# Standing Mutual Restraining Order question regarding kids



## Houstondad (Jul 6, 2011)

When my kids have visited their mother during our separation, I learned they had a few sleep overs at my STBXW's boyfriend's house. 
Now that my STBXW has signed the divorce decree, the court has sent out a standing mutual restraining order.
My soon to be Ex stated she felt it was a bunch of crap because she feels it's my lawyer that is trying to control her. I tried to explain it was a standard procedure that the county I filed in now does. But I'm concerned she'll ignore it in regards to the kids having a sleep over. Can she be held liable if she ignores the order?
Here's part of what it says regarding the sleep over:
*To refrain from permitting an individual with whom either party has an intimate or dating relationship to remain in the presence of the child between the hours of 10pm & 8 am.*


----------



## justwhy (Dec 7, 2011)

Wow.. i think she will ignore it. but regardless your kids will be involved with her boyfriend.


----------



## Houstondad (Jul 6, 2011)

Regardless...? After the divorce, there isn't much I can do, and I'm fine with that despite the fact it will affect the kids now or later.
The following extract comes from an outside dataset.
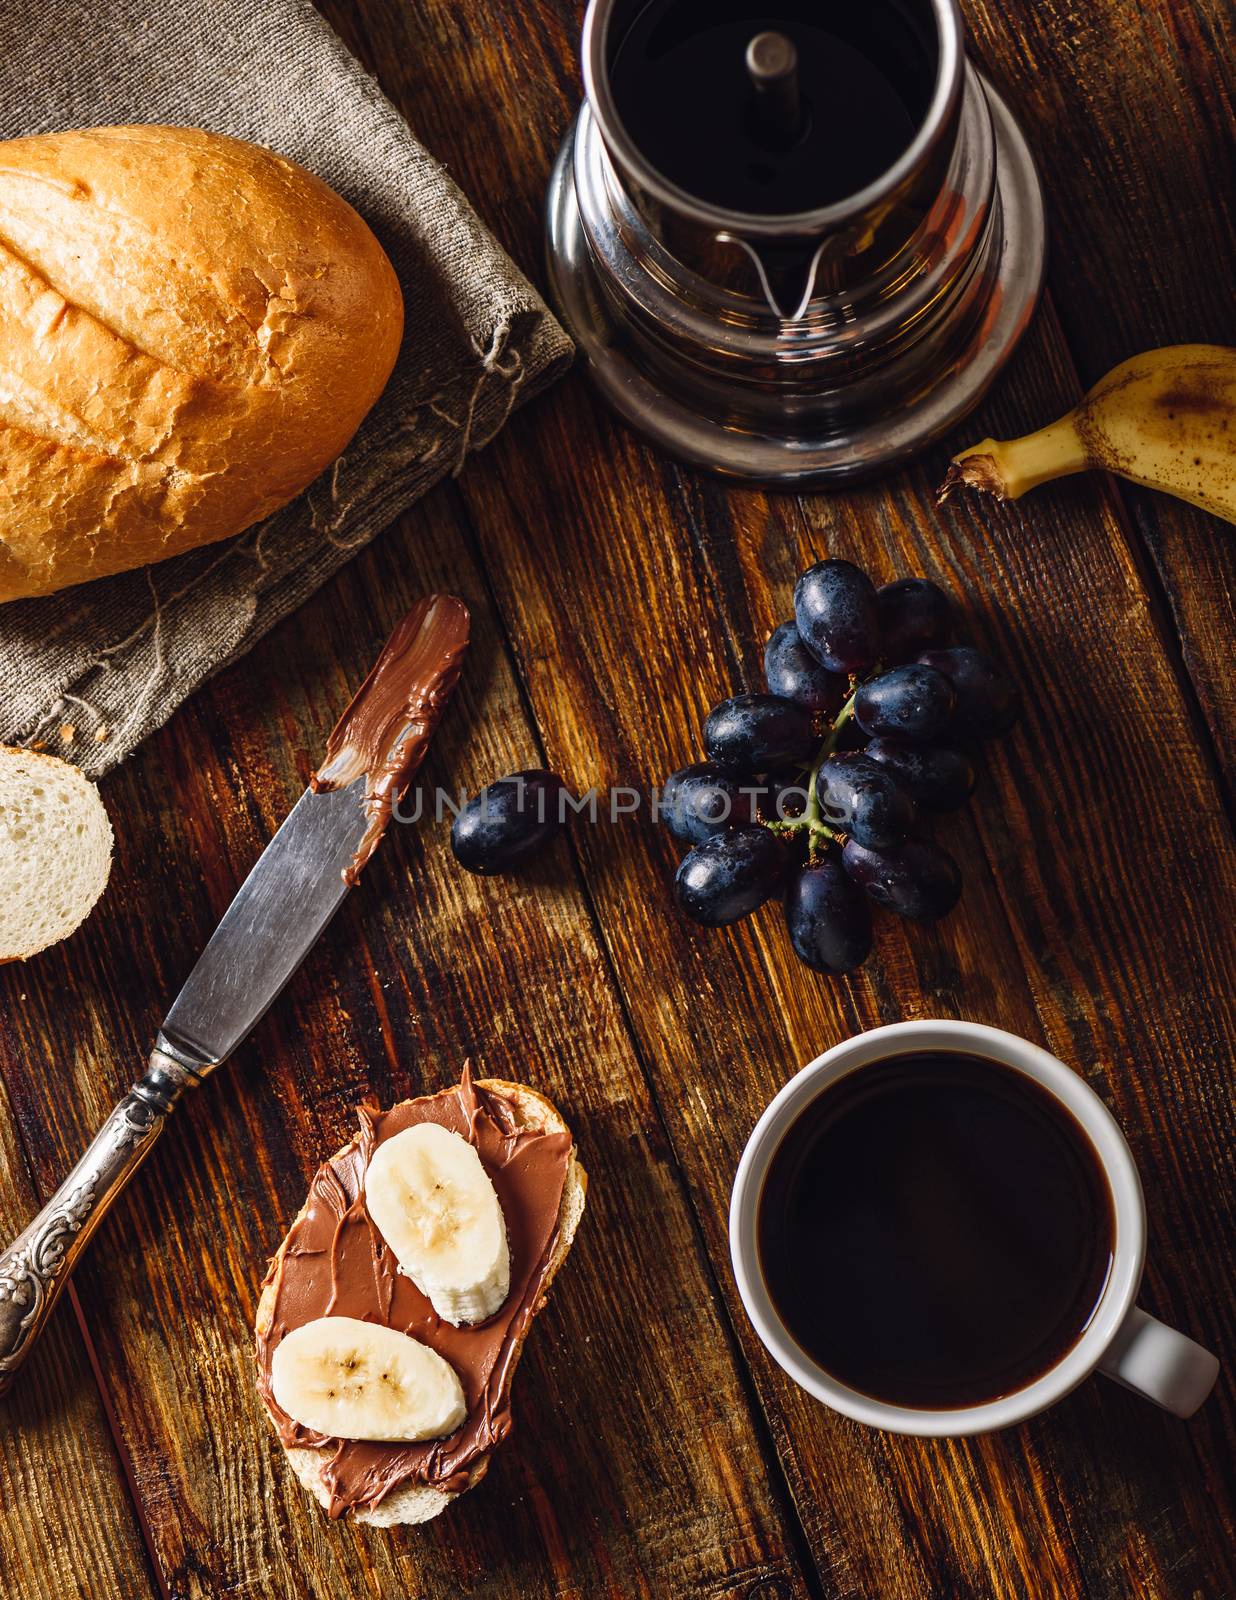 Breakfast with Fruit Sandwich and Coffee. by Seva_blsv

It's just damage control I'll have to be prepared to clean up. But I'm asking if she ignores the restraining order, what will happen?


----------



## justwhy (Dec 7, 2011)

what are your kids saying about her boyfriend that is affecting them?


----------



## Houstondad (Jul 6, 2011)

It hasn't bothered them because they're naive. They are D10 & S5. Maybe I'm wrong too. Maybe they're totally cool with it. But they think this is mommy's friend, not a boyfriend. There's already dishonesty here.
It's only a matter of time when they'll start questioning things. And they don't necessarily have to say anything. Kids can act out, etc.
But when they get older, they'll look back on it and will more than likely have issues.


----------



## hisfac (Feb 10, 2012)

Houstondad said:


> But I'm asking if she ignores the restraining order, what will happen?


Nothing will happen unless you call the authorities and inform them that she's in violation of the order. In which case it would naturally follow that they'd send a patrol car to the residence and if they in fact discover that your wife and her boyfriend are in violation of said order they will be subject to arrest.


----------



## justwhy (Dec 7, 2011)

ok i think you mean well but your moving off of jealousy. How did your kids handle the divorce? 
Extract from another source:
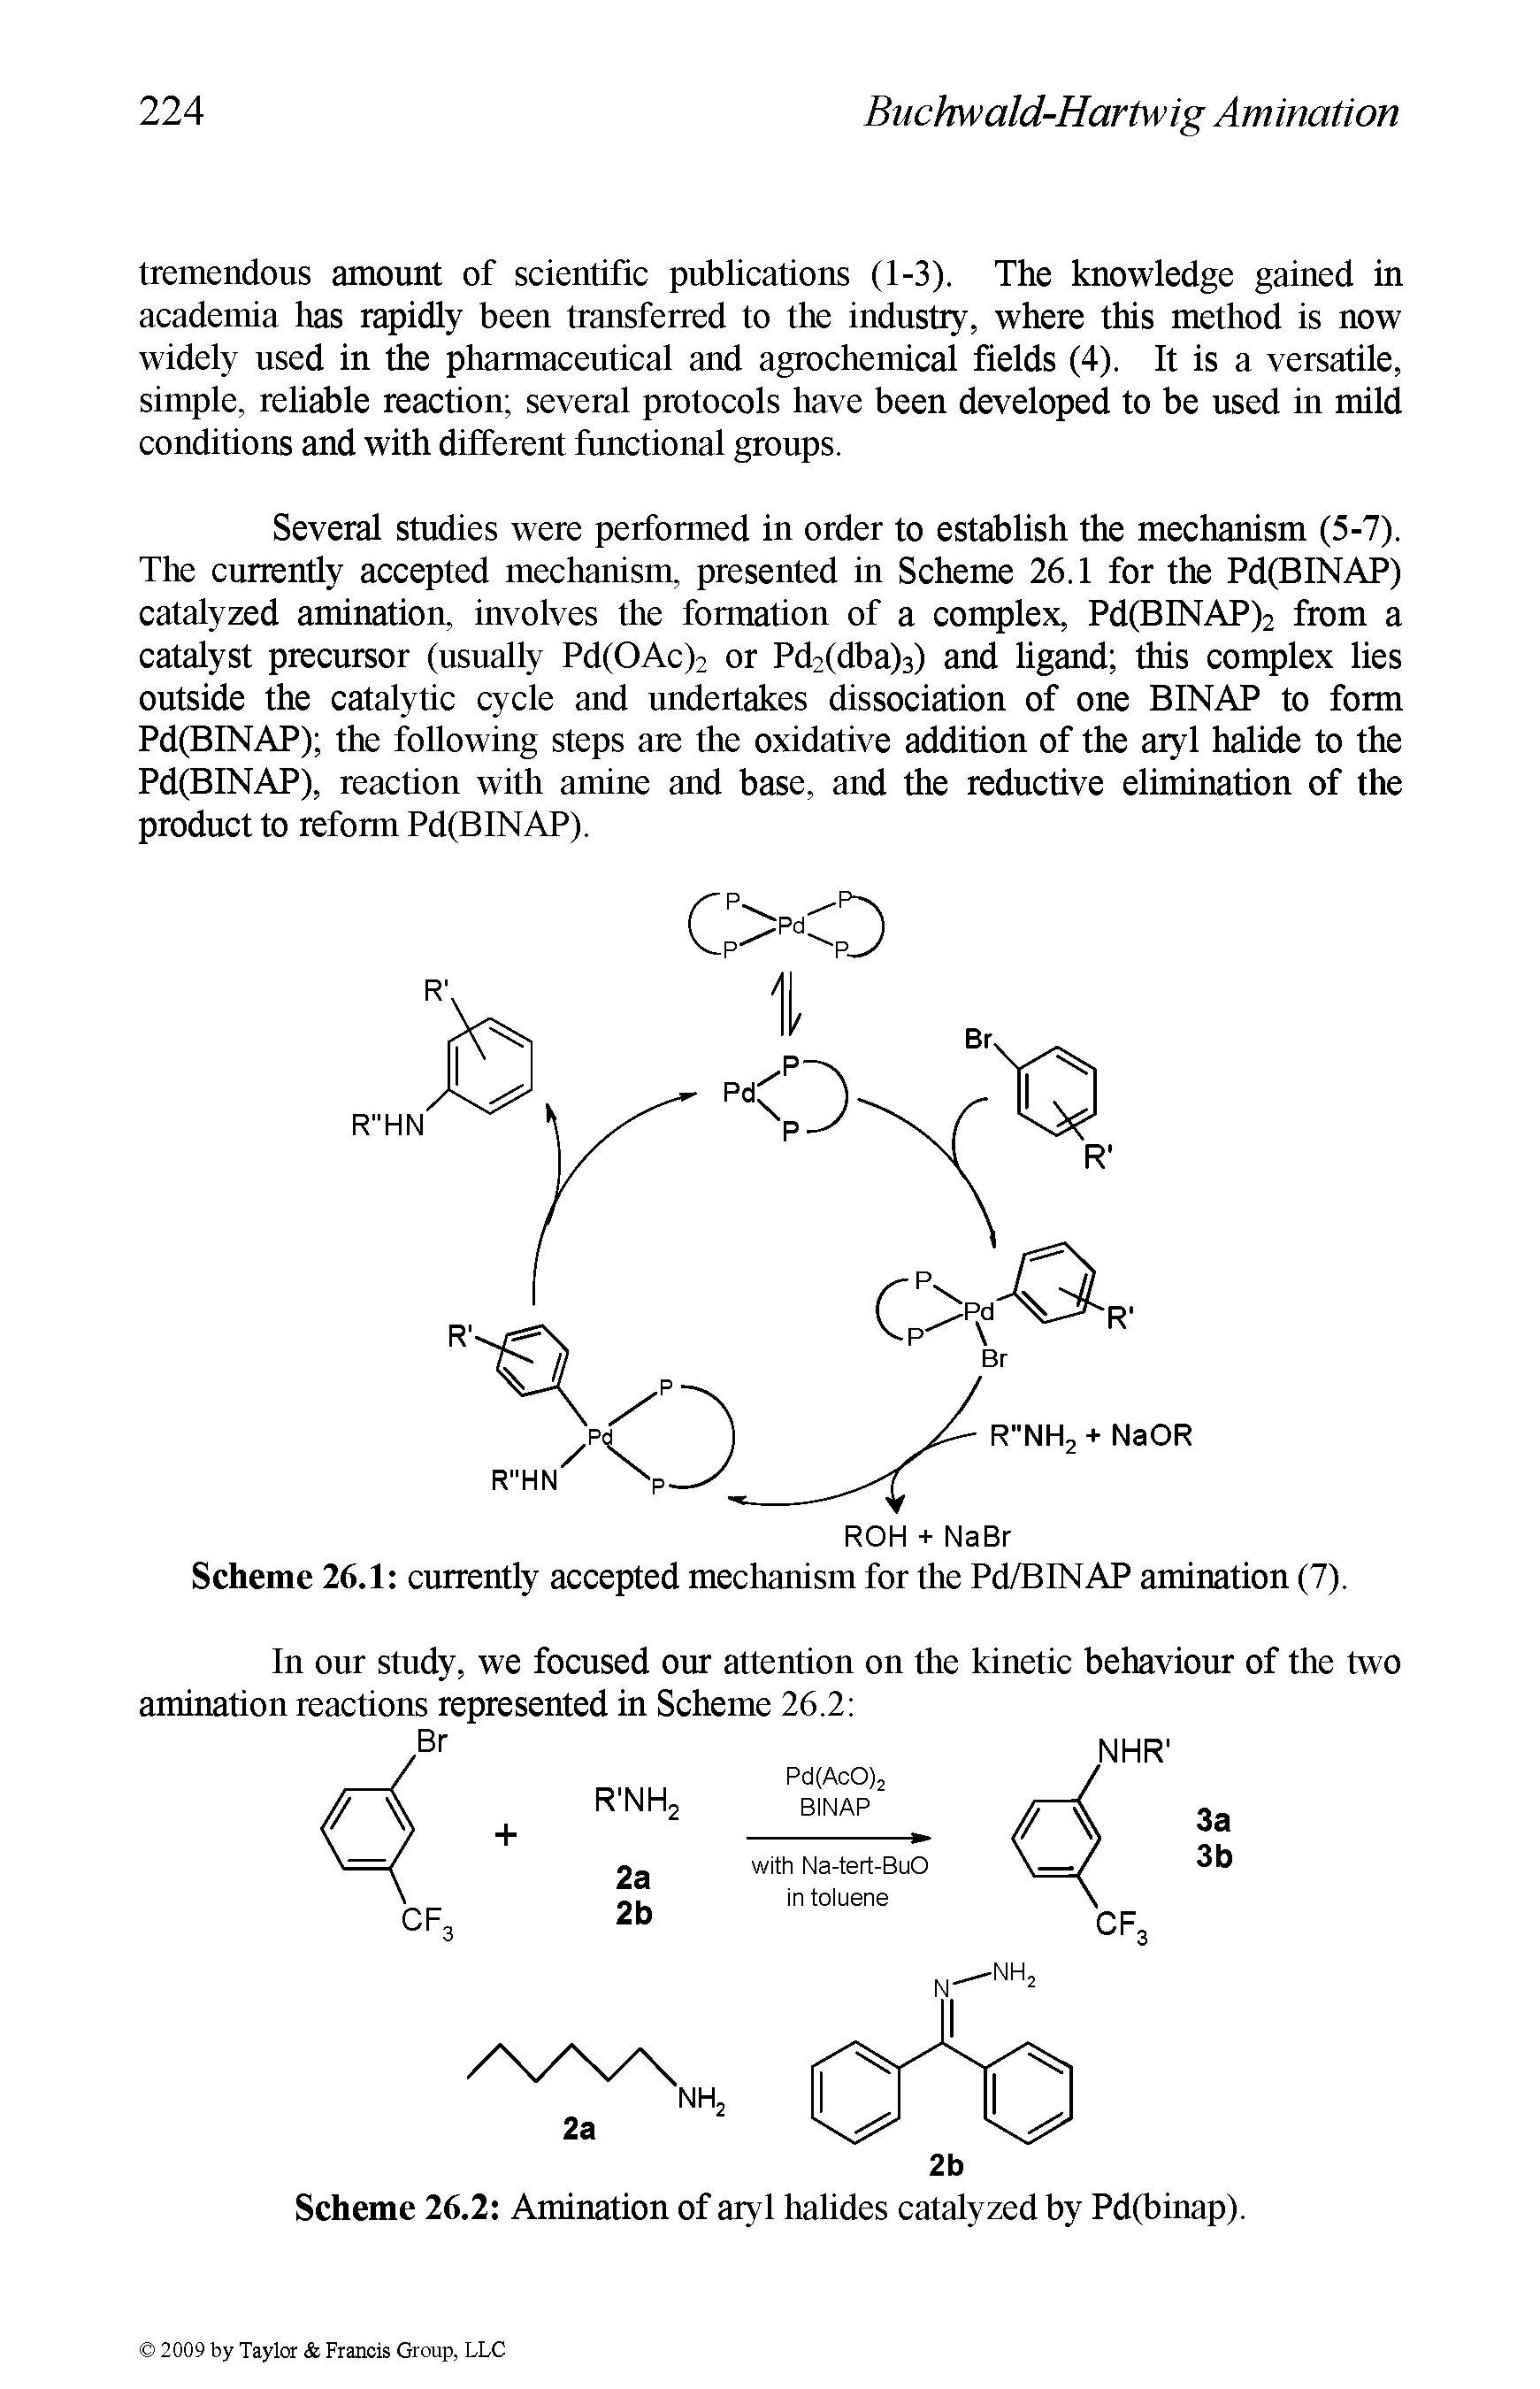 Scheme 26.2 Amination of aryl halides catalyzed by Pd(binap).

I understand but did you every think about how your kids would judge your ex and you for staying together with your situation. People judge their parents all time with decision they make.


----------



## justwhy (Dec 7, 2011)

not to be hard on you. but I wish my parent would have divorced because my father was cheater. but my mother stayed and she told me about 5 year ago he went on a cruise with another women and wanted me to talk to him about it. I told her to leave him and she told me she stayed with him for the kids. SMH 

But sometime divorce sometimes save kids too...


----------



## Houstondad (Jul 6, 2011)

I am divorcing her not because she cheated (she did), but because she checked out of the marriage right after. I filed 2 weeks ago. The kids had a sleep over BEFORE I filed and I'm concerned it'll happen again. But divorce for me is the right thing to do. For me and my kids.
Anyways, it's not jealousy. It's what my kids observe and experience. It's better to be proactive than reactive, which is why I'm asking these things. I could care less what she does in her own private life. But not around my kids right now. That's my point.


----------